The magic of local wines
Fortunately, you can ask your wine merchant for advice, which is always a good idea, or you can browse the web, but there you may also find almost everything and its opposite.

It is important to recognize that giving advice on wine is quite arbitrary, of course, matches that please everyone are possible, but there is also a good part of the taste, preferences and personal choices of the person who gives the advice that is found in the suggested wine, which is quite normal.

In short, all this to tell you that there are no established rules, and that the tastes of each person can give very different food-wine associations, and yet very successful.

So there are no rules? So it's true, globally, but there are some "tricks" that work all the time, and it's about one of them that I would like to say a few words.

There is a kind of constant in wine and food pairing, it is the wonderful association that happens almost every time with a regional dish, and the wine of the same region. Let's call it "The magic of local wines"...

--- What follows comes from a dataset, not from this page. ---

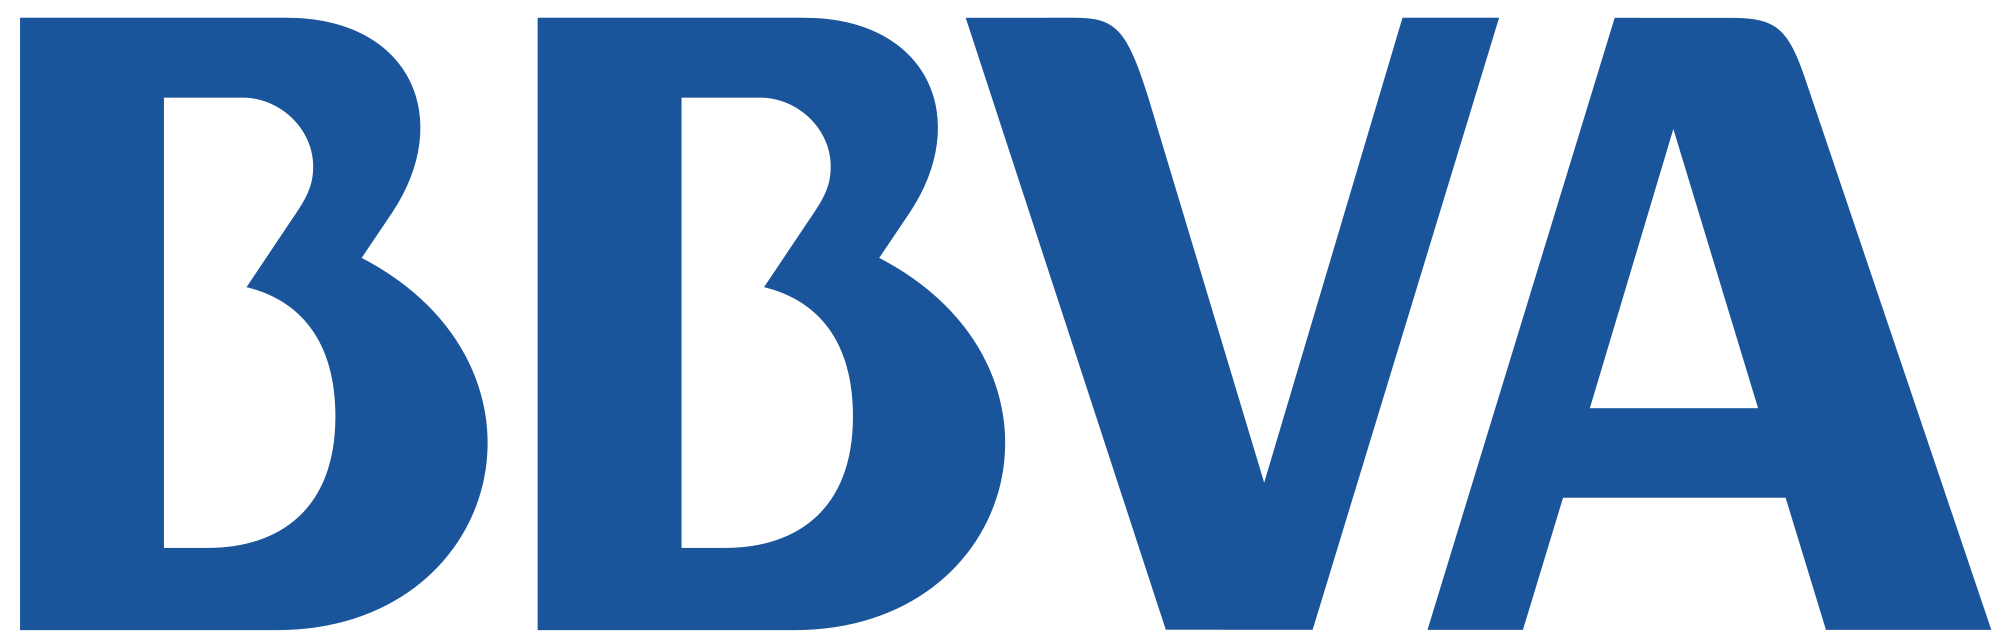 BBVA の成功事例

I don't know which one influenced the other, but I have to admit that if you taste a regional dish, let's say typical of the area, you can safely opt for a wine from the same area, and be almost 100% sure that the match will be perfect.

I'll take two examples to illustrate my point:

cassouletappellation cahors

1) Cassoulet and Cahors wine: If you serve a cassoulet to your guests, accompany it with a Cahors wine, a good one, which preserves its typicity, and not something neutral and smooth to flatter the globalized gullets, and you will be amazed by the result.

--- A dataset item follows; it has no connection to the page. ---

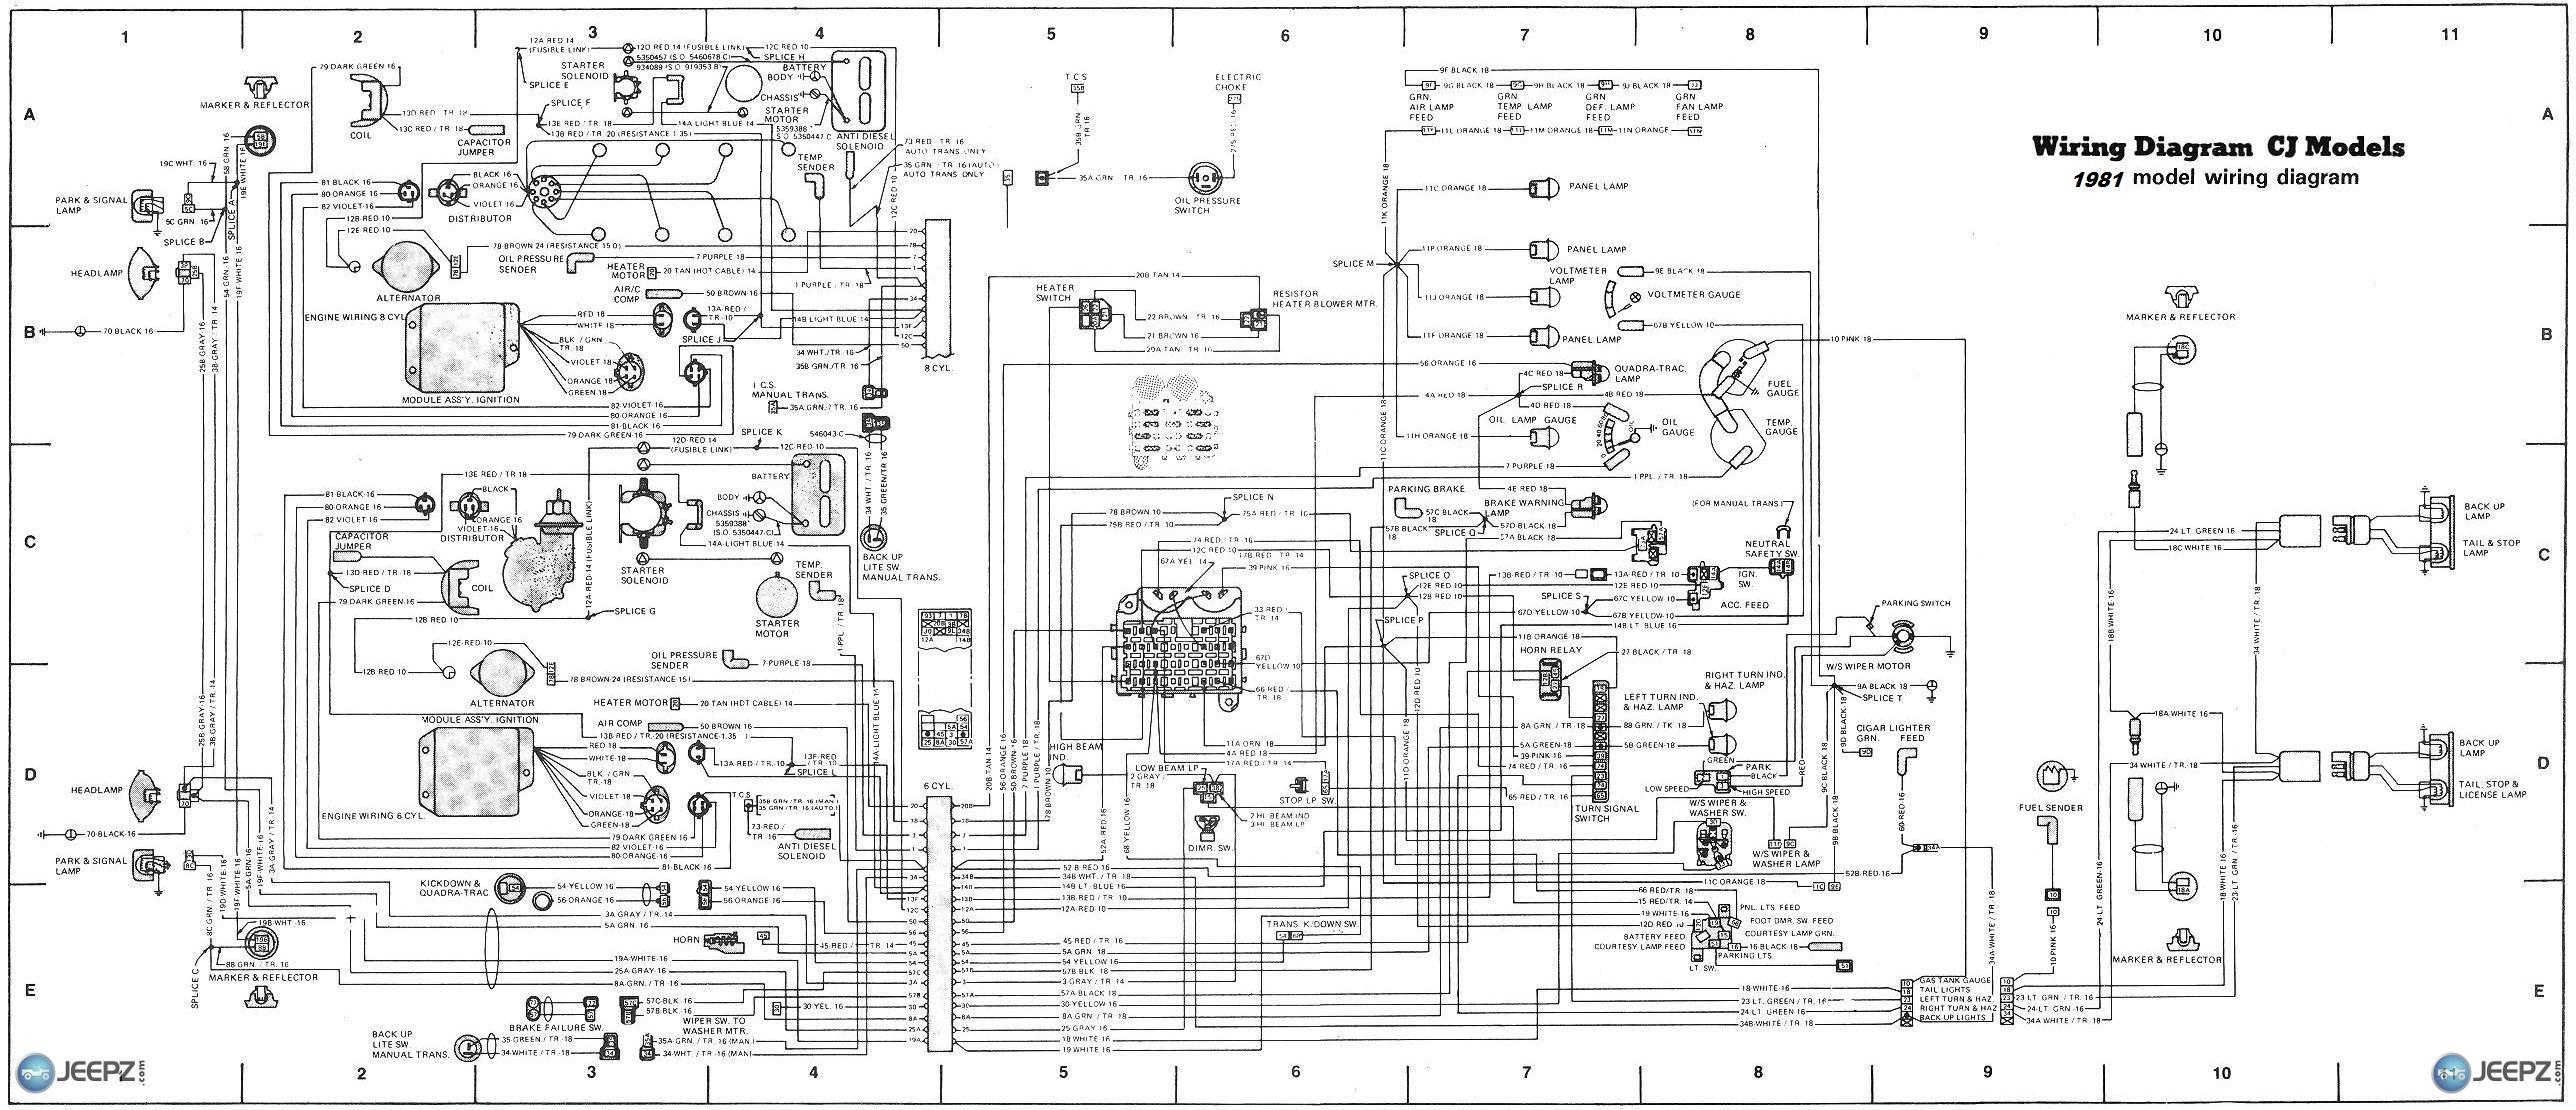 Sensational Cj7 Painless Wiring Diagram Online Wiring Diagram Wiring Cloud Overrenstrafr09Org

saucisse de Morteauvins du jura

2) Morteau sausage (a dish based on) and a wine from the Jura, in particular a white wine from the Savagnin grape variety, and there you touch on the marvelous... (Yes, yes, well, I'm probably overdoing it here, but what do you expect, this is one of my favourite dishes, and I should never get into it). Same thing if you taste an old Comté, with a lightly toasted sourdough bread.

This natural pairing is therefore an interesting option if you are hesitating about your choice of wine, and if your recipe is a little regional, look at the regional wines, you might just find what you are looking for.

Note of course that this agreement is not an obligation, besides there is never an obligation in gastronomy if you like, but just a very interesting option. And anyway, the possibilities are so numerous, and the tastes so different, that each one of us will have his way of seeing things, and thus of realizing his agreement. The ideal of course is that you, or one of your guests, say, after the first glass "Hey, it's not bad at all!

To sum up: Are you going to serve a (slightly) regional recipe? Always think of local wines to serve with it.